Repeat the listing word for word. Leave every picture out.

- [Provided data]:
*****
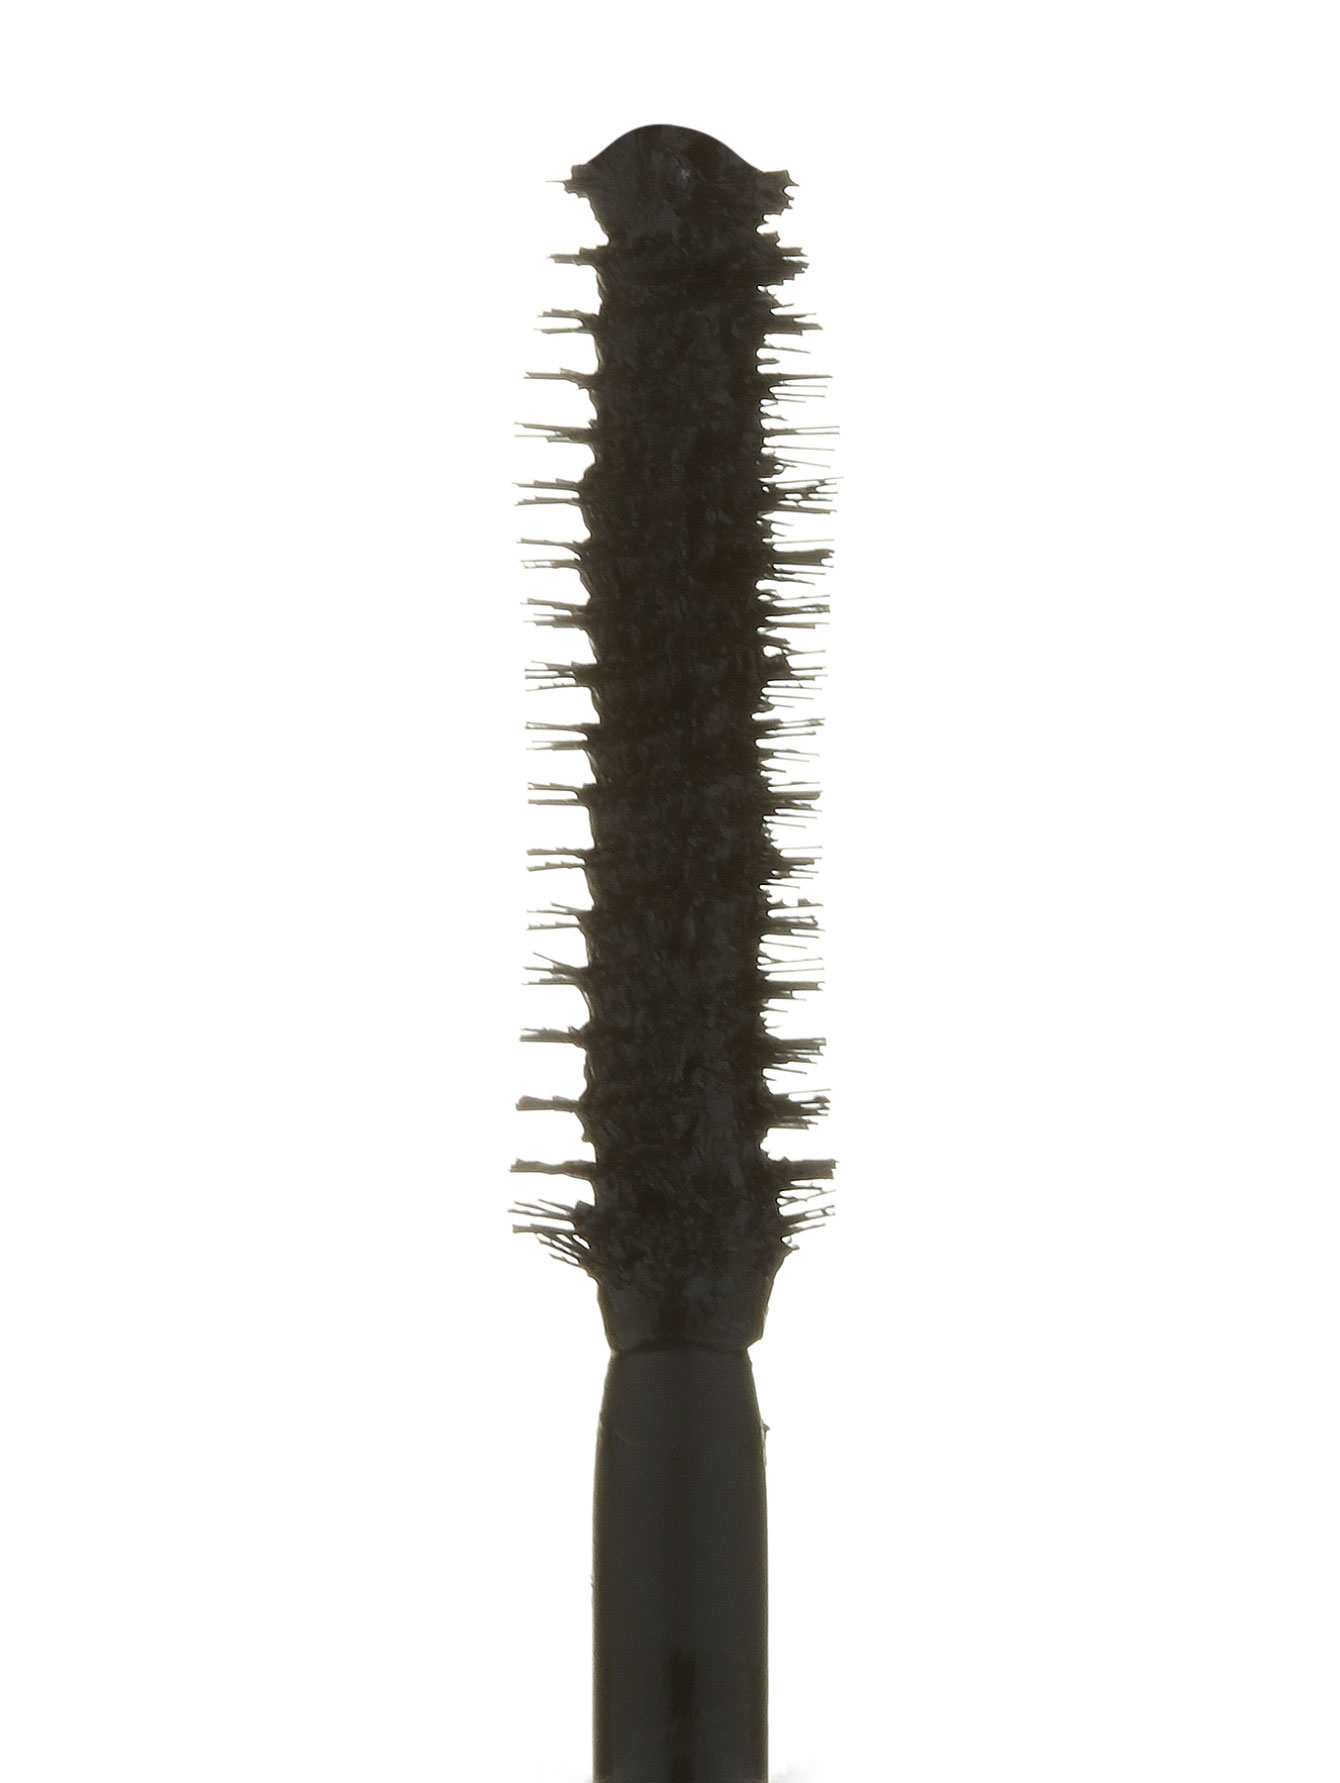  Тушь для ресниц водостойкая - №01 Черный, Hypnose Mascara - Общий вид
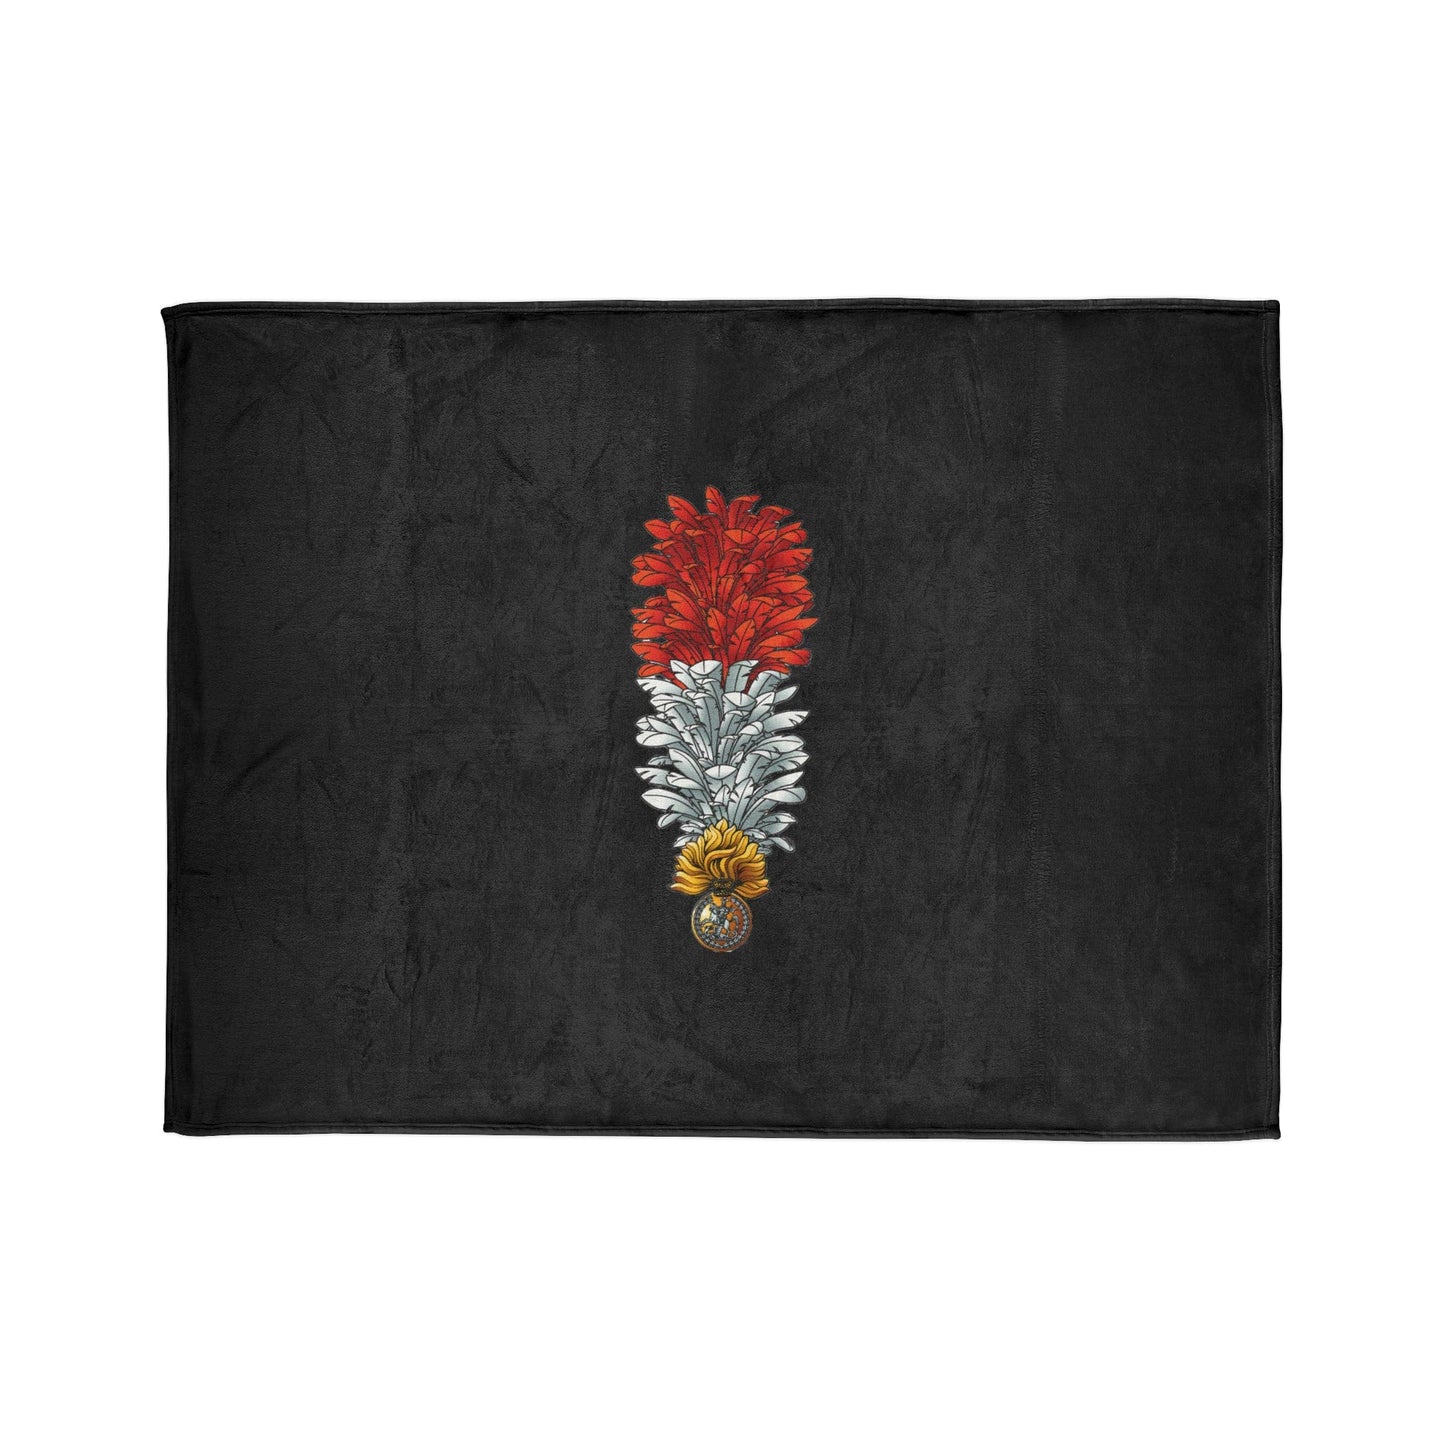 Fleece Blanket Royal Regiment Of Fusiliers Fleece Blanket (Black Background)
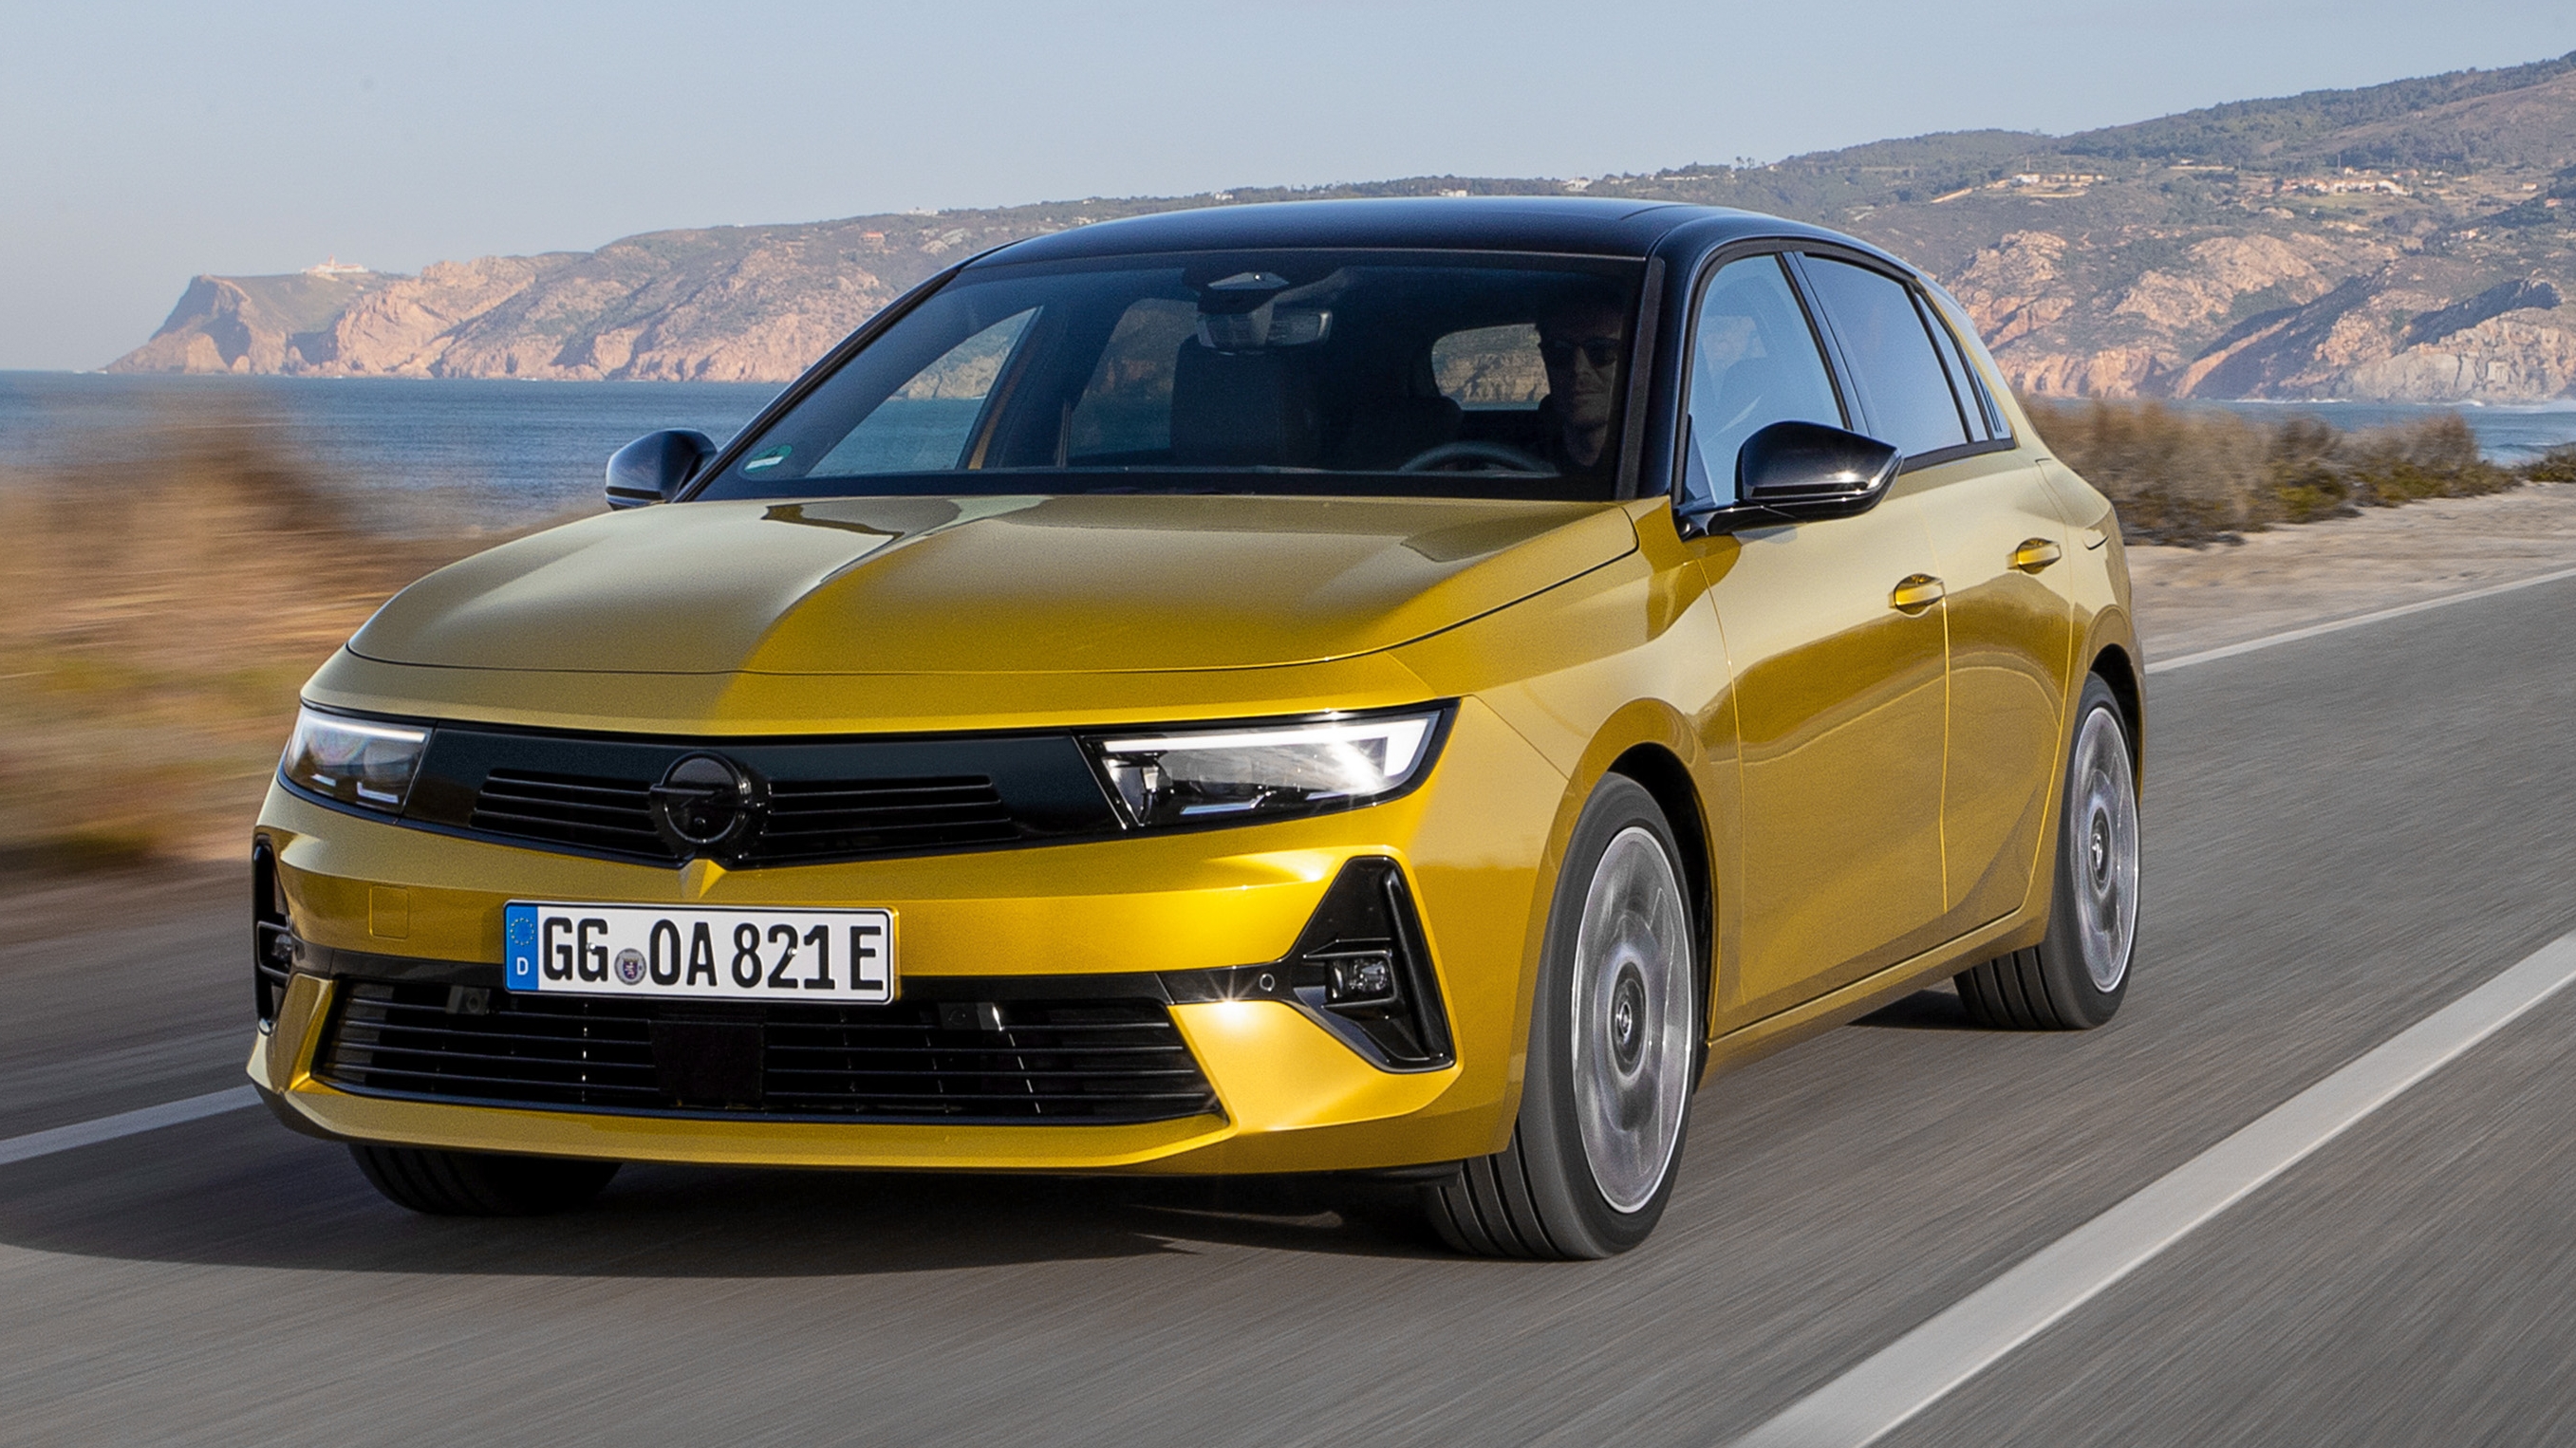 High-Tech Fahrwerk für den neuen Opel Astra (mit Bild)
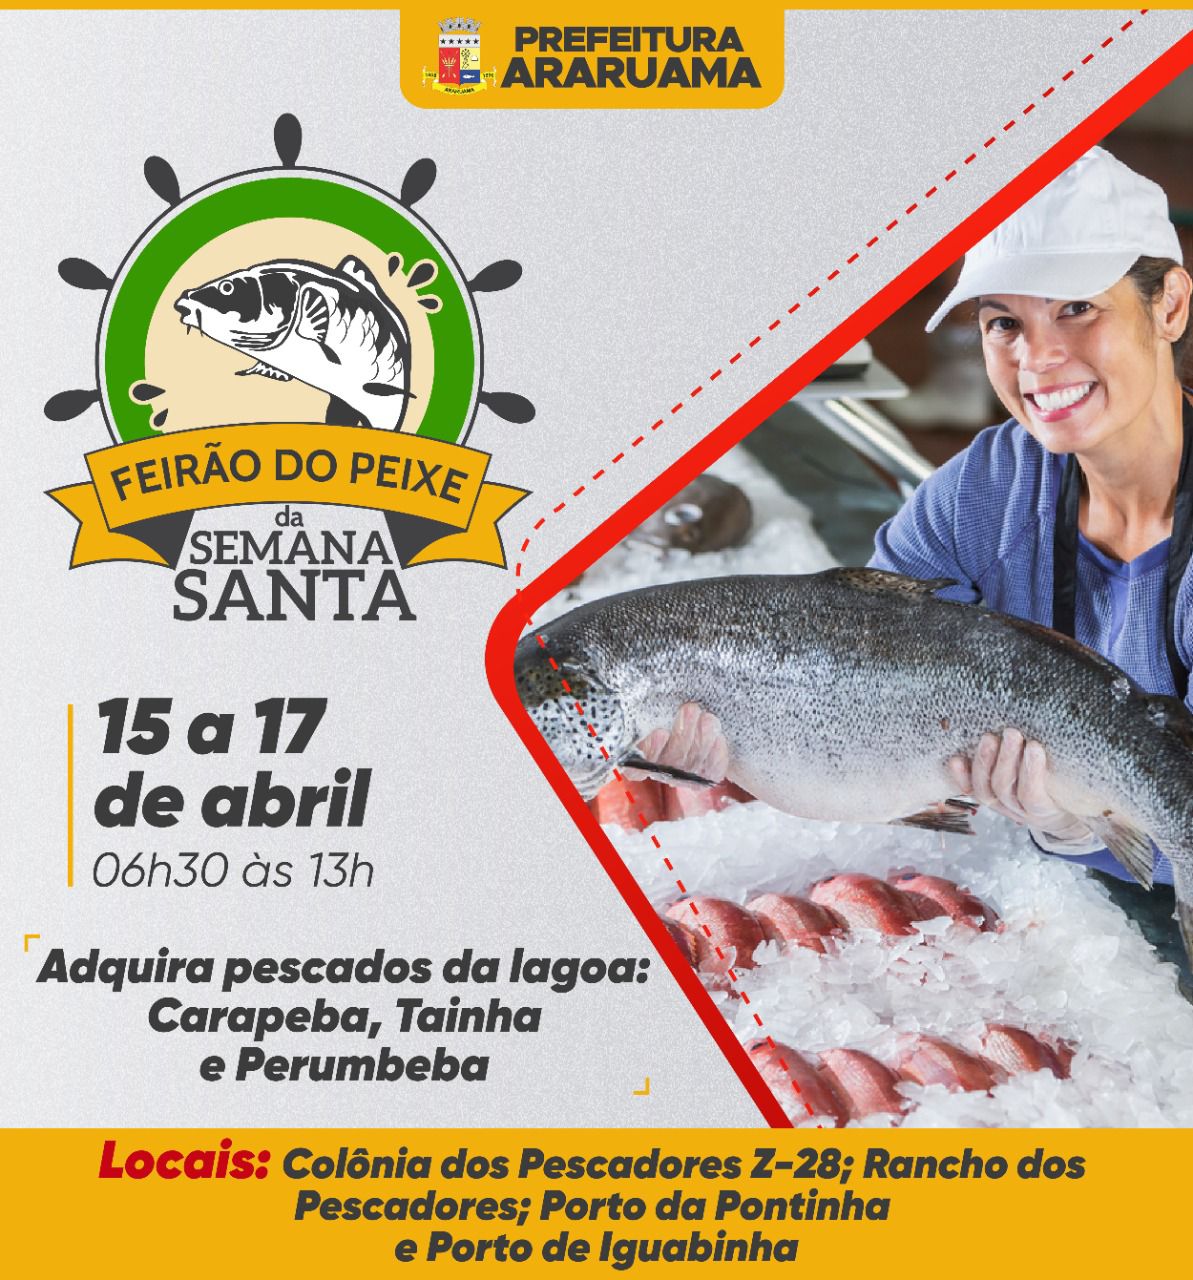 Prefeitura de Araruama vai realizar mais uma edição do “Feirão do Peixe da Semana Santa”
*****
- [Result of the task]:
  Тушь для ресниц водостойкая - №01 Черный, Hypnose Mascara - Общий вид
 Fleece Blanket Royal Regiment Of Fusiliers Fleece Blanket (Black Background)
 High-Tech Fahrwerk für den neuen Opel Astra (mit Bild)
 Prefeitura de Araruama vai realizar mais uma edição do “Feirão do Peixe da Semana Santa”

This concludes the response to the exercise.